10 Tips for Playing Nicely in the Photography World Sandbox

May 04, 2014  •  2 Comments

This blog post had it’s genesis in last week’s Keep Shooting Monday’s video entitled, “Playing Nicely in the Photography Sandbox” where Greg and I talked about how mean people can be to one another, often for the purpose of putting others down to make themselves feel superior. That’s something that hurts my heart.  Many of these tips apply not just to photographers, bloggers, and web show hosts, but also to regular ol’ Joes and Janes. Life is not about how many people you can step on to get to the top. As Jackie Robinson, who himself encountered plenty of bullies in his life, said, “A life is not important except in the impact it has on other lives.” Following these tips will help make this impact is a positive one. 
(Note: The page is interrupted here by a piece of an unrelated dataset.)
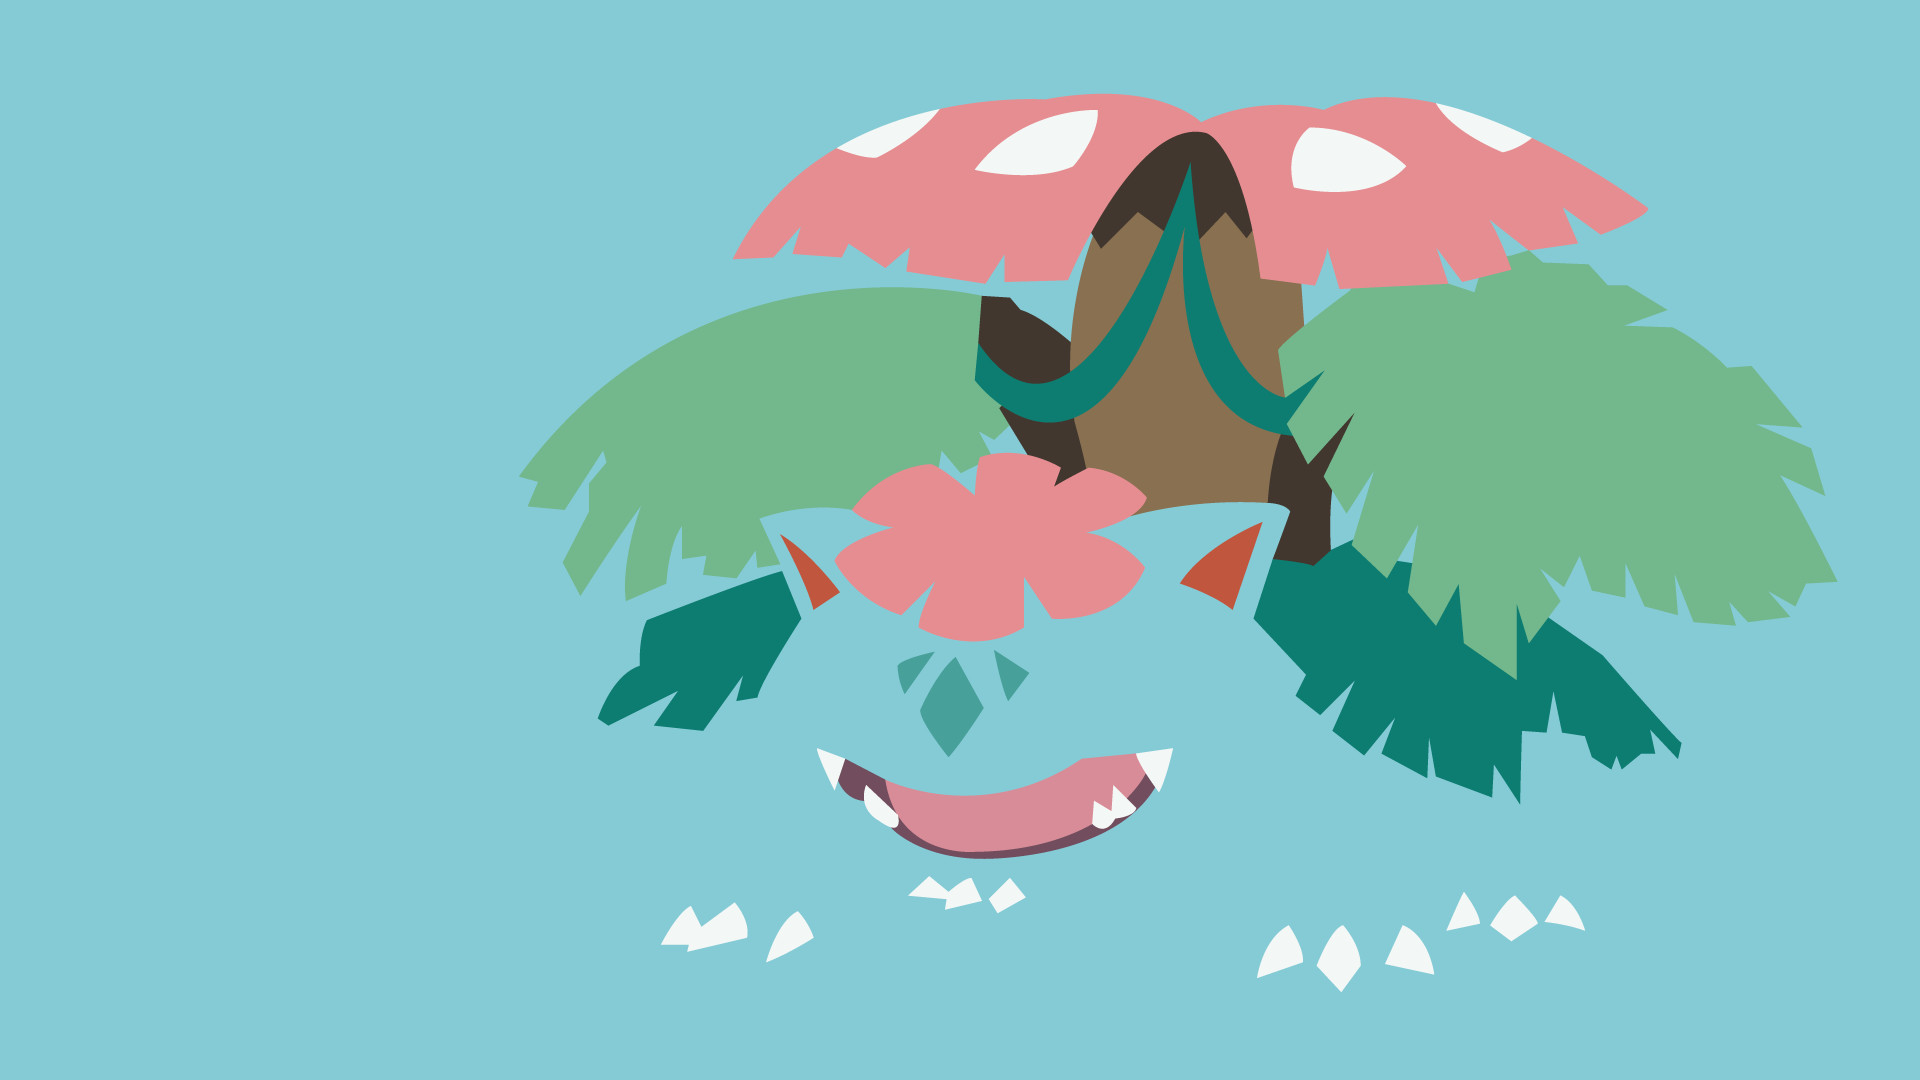 151 Pokémon Wallpapers + Mega Evolutions + Some Shinies
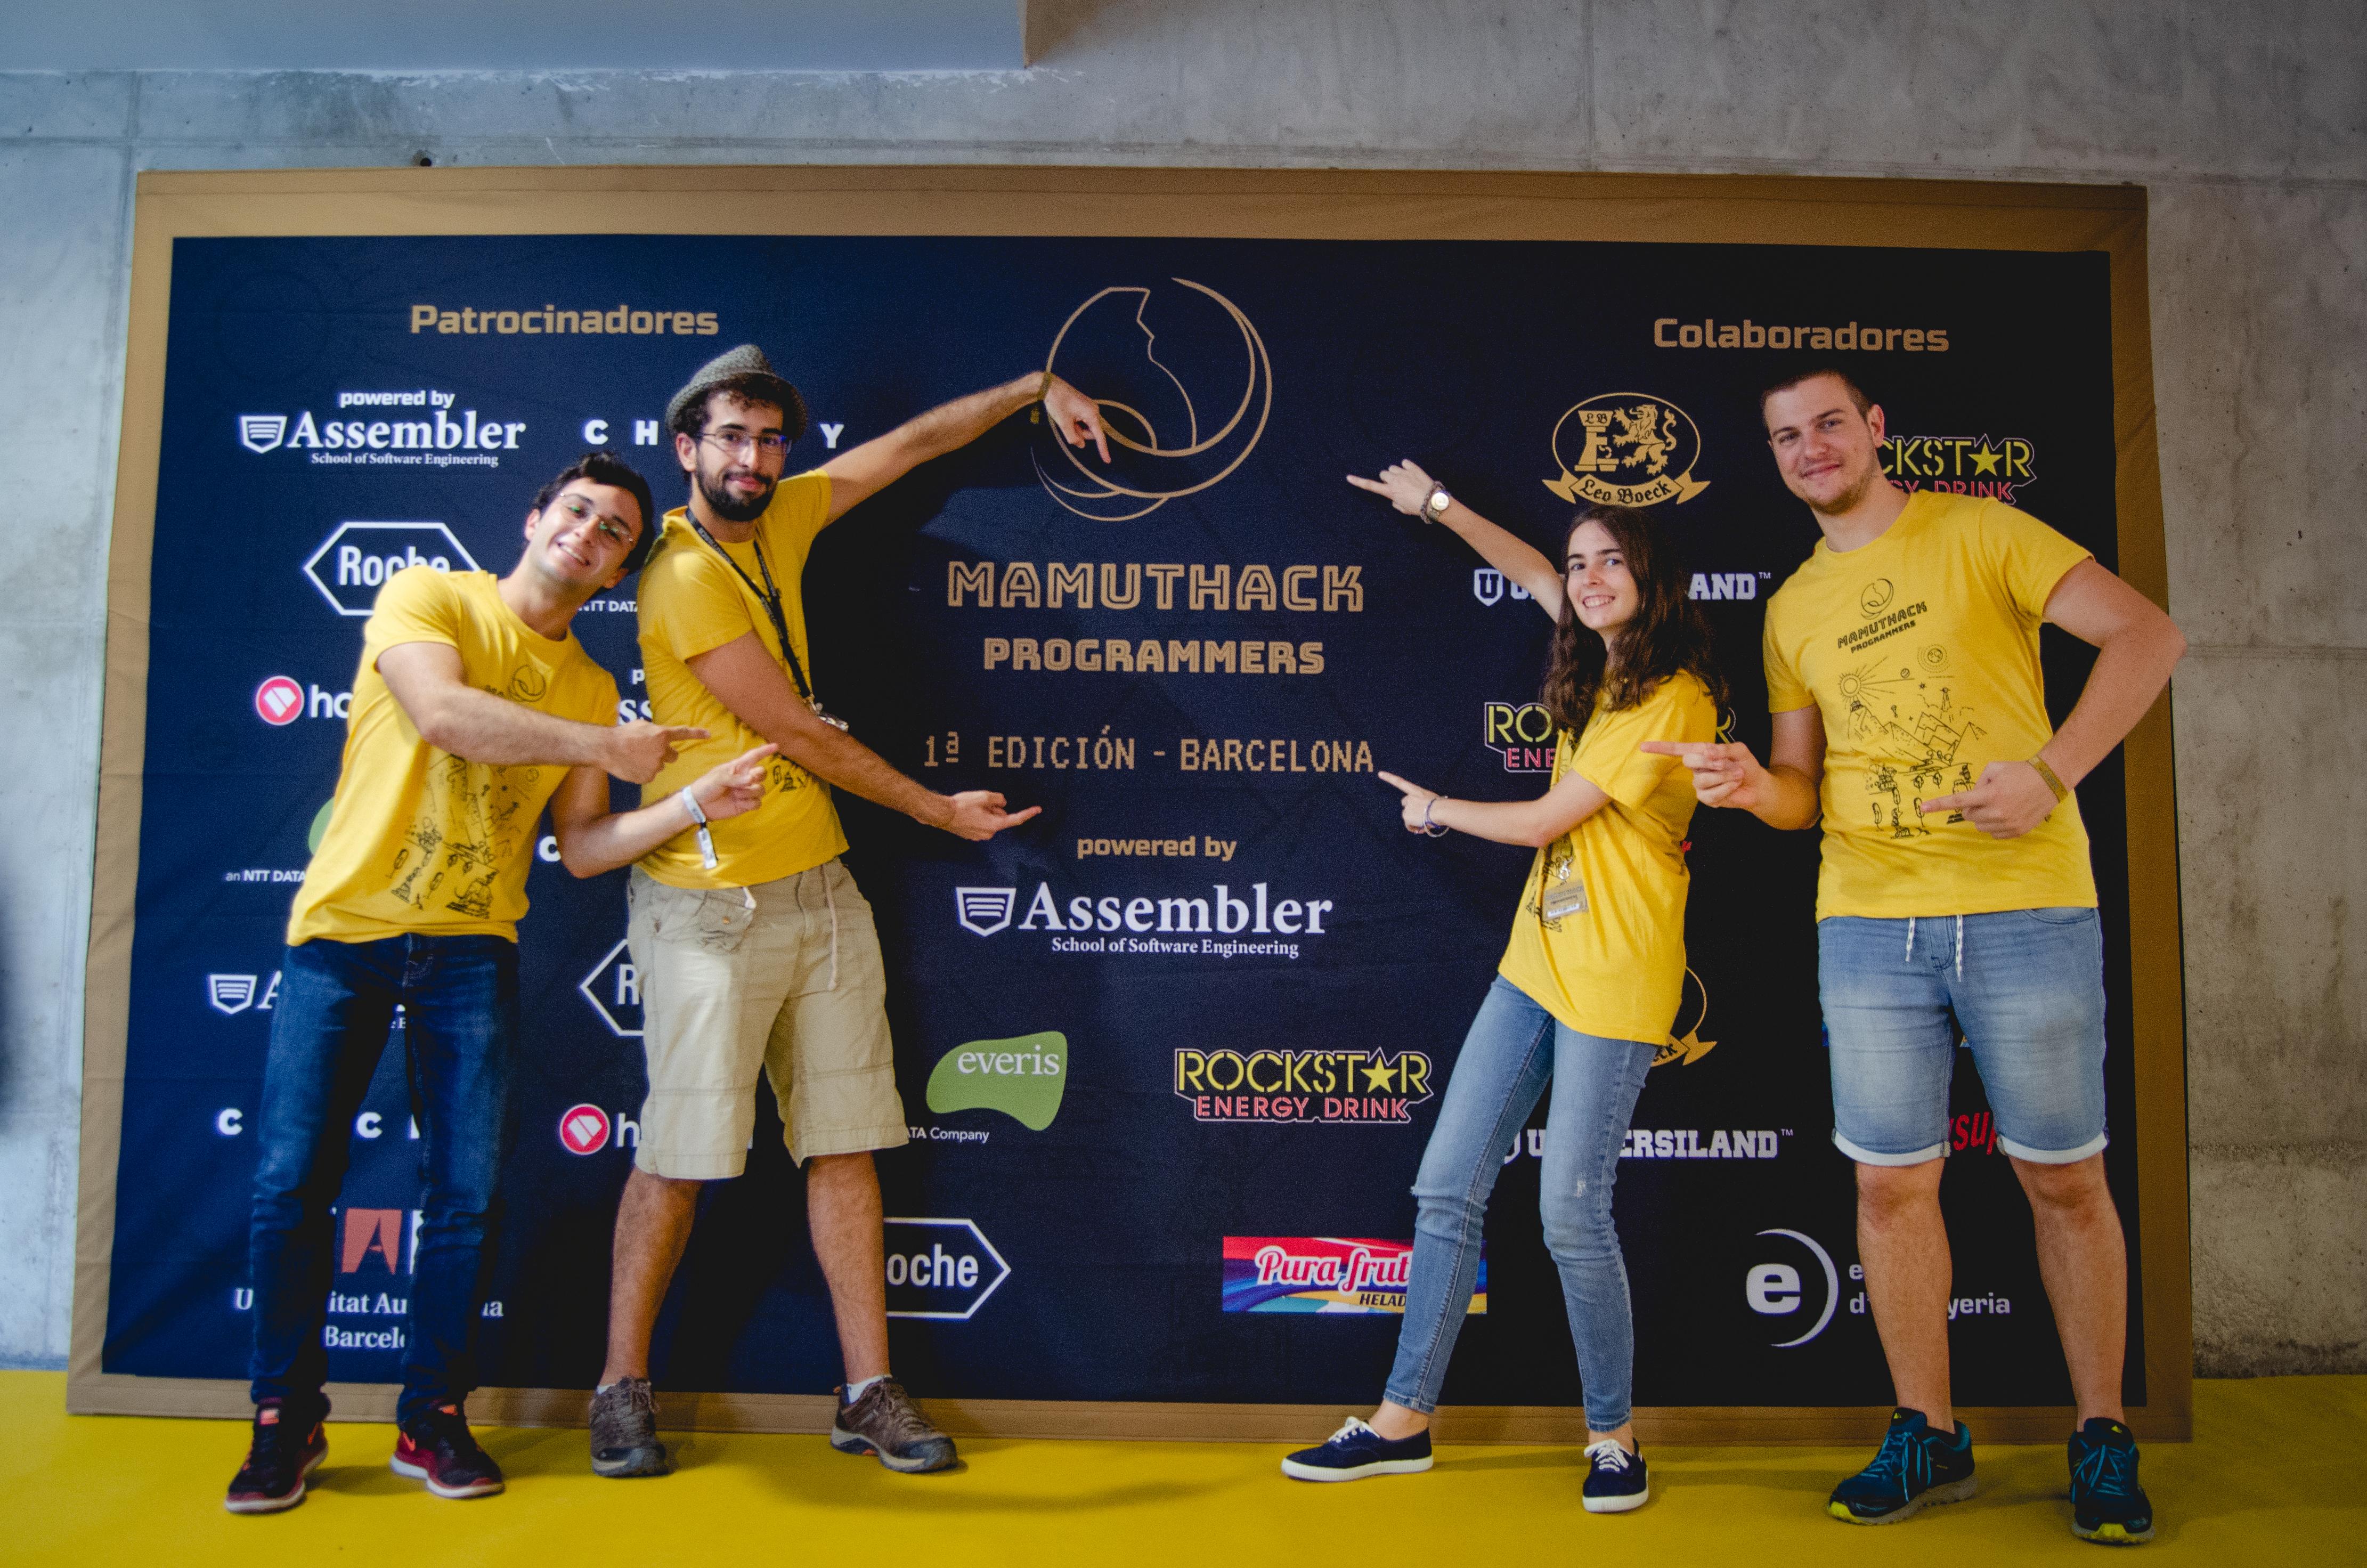 0052_Fotos_mamuthack_mariacasasfoto_20191006

1.  Watch your tone of voice. If I could count the number of times my mother said, “Watch your tone of voice, young lady,” when I was little, I’d be a rich woman. Thankfully, somewhere along the line, the message sank in. Often, how you say something conveys more than the actual words spoken. Written words can have a tone as well, so read and reread your content before you post. If you have any question about how something sounds, run it by a neutral party first. BTW, Mom isn’t neutral. Find someone you trust to tell you if you are being a jerk.

2.  Take a time out. Pause before responding to an incendiary e-mail, text, or post. Cool your jets, talk it over with someone (see above), or even write it out and then delete your first draft. You might even consider writing it first on paper, then shredding it. There’s something cathartic about putting pen to paper. Write a real version once you’ve cooled off. When you do respond, make sure the person knows they’ve been heard. You can disagree with them, but it is helpful that others know that their concerns are understood. 

3.  Consider the sandwich approach when telling someone something negative. I used this technique often during parent-teacher conferences as an elementary school teacher. “Billy is a terrific kid. I really enjoy his comments in class. He’s smart and insightful. I’d be even happier if he’d raise his hand first, however. When he blurts out answers it’s unfair to the the other students who want to contribute. We just have to tweak this little thing because, again, his points are often spot on and I love hearing from him.” Nestled between praise and positive comments was the thing I wanted to see change. You build up the person with whom you are interacting first and set the stage for a positive interaction. You politely introduce the issue and the reason it’s a problem, then close with another positive thing. Your part of the conversation begins and ends positively. 

 

4.  Have a little grace. As humans, none of us is immune from making mistakes and having differing opinions. Consider how you wish to be treated. If you made a professional or personal mistake, would you want to be slammed on social media, or would you prefer to have someone professionally ask for your explanation? If someone disagrees with your professional opinion, would you prefer to have someone mock it and make fun of the idea (or even you personally) or would you want to have someone state their case and explain the rationale behind it - or maybe even ask to have a friendly debate about the topic?

5.  Don’t hide behind the Internet. If you wouldn’t say something to someone’s face, don’t do it online. 

 

6.  Build up, don’t tear down. Tearing others down is more a reflection of you and your character than it is of others. Consider your intentions. What are you trying to prove by bashing someone else publicly? Are you trying to make yourself look bigger by making them look smaller? Do you feel good making someone else feel bad? Such behavior is often the result of insecurity and does not reap the desired results. 

 

7.  Embrace the abundance mentality. When we help each other, we all benefit. 

 

8.  Refrain from name calling. Calling someone “stupid” or other such names does nothing to add to the conversation. It only serves to make you look petty and weakens whatever argument you may have. 

 

9.  Follow Stephen Covey’s Fifth Principle of Highly Effective People: “Seek first to understand, then to be understood.” (https://www.stephencovey.com/7habits/7habits-habit5.php) That means LISTEN to people. And I don’t mean tolerate their speaking until you have the chance to jump in and add your two cents. You may be amazed by what you learn. People are fascinating.

 

10.  Sow good seeds. You reap what you sow, even if it takes awhile. Things have a way of coming back to you, good and bad. Operate with integrity and honesty and you’ll often remain above the fray. 

 


Comments

2.Katherine Azar Photography, LLC
Susie, have I told you lately that I love you? You are so sweet. Thank you for your kind words. It was wonderful to see you Sunday. Big hugs to you.
1.Susie(non-registered)
Dearest Kathy,
These words, so full of truth, are why we all love you. You live by these beliefs. You impart a feeling of joy & peace wherever you go, with whomever you meet. I want to clone you a bazzillion times!